From: Satsuki Takahashi
Date: 2011/01/05

Dear SSJ Forum members,

New Year greetings from Tokyo. Contemporary Japan Group
(CJG) at the Institute of Social Science (ISS, or a.k.a. Shaken), University of Tokyo, will have the first meeting of 2011 on Thursday, January 27 at 6:30 PM.

The meeting is open to everyone. Hope to see you all there!

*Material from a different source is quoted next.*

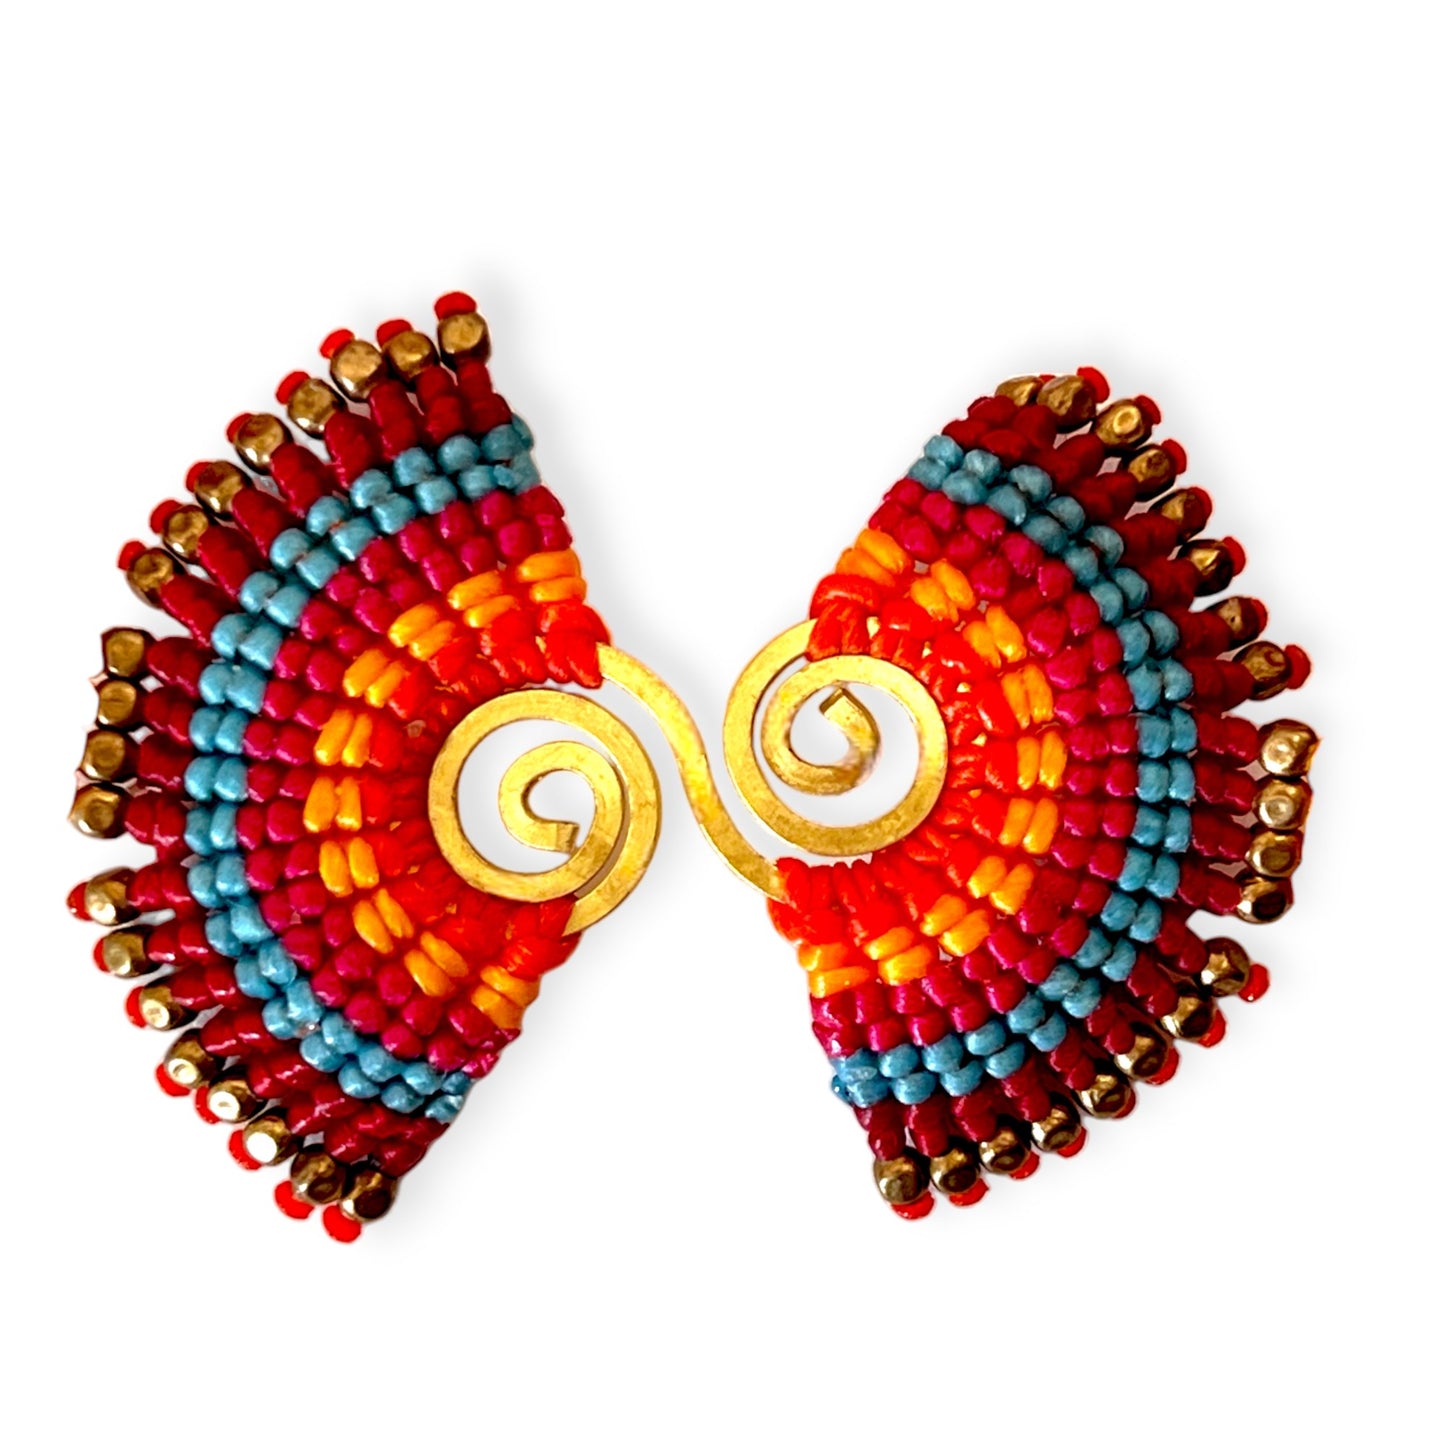 Colorful double swirl tribal pattern bracelet - Sundara Joon

Speaker: William W. Kelly (Professor of Anthropology and Sumitomo Professor of Japanese Studies at Yale
University)

Title:
The World of the Hanshin Tigers:
An Anthropology of Contemporary Sport

Date/Time: January 27 (Thu), 2011 at 6:30-8:00 PM
Location: Room 549
5th floor, Akamon Sogo Kenkyuto, Institute of Social Science, Hongo Campus, University of Tokyo
Map:
http://web.iss.u-tokyo.ac.jp/cjg/contact/

Language: English
RSVP: NOT required
Admission fee: Free

Abstract:
For the last three decades of the twentieth century, the Hanshin Tigers were the heart and soul of Kansai professional sports and emblematic of a sport that was so central to the development of transportation, media, and leisure in that region. To an anthropologist, the Hanshin Tigers represent an intriguing lifeworld centered on the production and presentation of what was arguably the most important sport in twentieth-century Japan. In this talk, I will first outline the five key elements of Hanshin Tigers sports world: the stadium, the team, the management, the fans, and the media. I will then introduce four themes embodied in this sports world: the uncanny mimicry of Bushido baseball; Japanese baseball as edu-tainment; Osaka’s second-city complex and Hanshin Tigers baseball as the nobility of failure; and the Hanshin Tigers baseball as workplace melodrama.

Biography:
William W. Kelly is Professor of Anthropology and Sumitomo Professor of Japanese Studies at Yale University. Much of his research and writing has concerned the historical dynamics of regional society in Japan, based on longterm fieldwork in the Shōnai area of Yamagata Prefecture, and the formation of a modernity of the mainstream in late Showa Japan. More recently, he has focused on sport and body culture in Japan. He conducted field research for a number of years on the history and present patterns of professional baseball in the Kansai region and has published a number of articles and a forthcoming monograph on this work. He has also edited three volumes based on Yale University conferences that drew scholars from Japan, the US, and Europe: Fanning the Flames: Fandoms and Consumer Culture in Contemporary Japan (SUNY Press, 2004), This Sporting Life: Sports and Body Culture in Modern Japan (Yale Council on East Asian Studies Occasional Monograph Series, 2007), and The Olympics in East Asia: The Crucible of Localism, Nationalism, Regionalism, and Globalism (Yale CEAS Occasional Monograph Series, 2011).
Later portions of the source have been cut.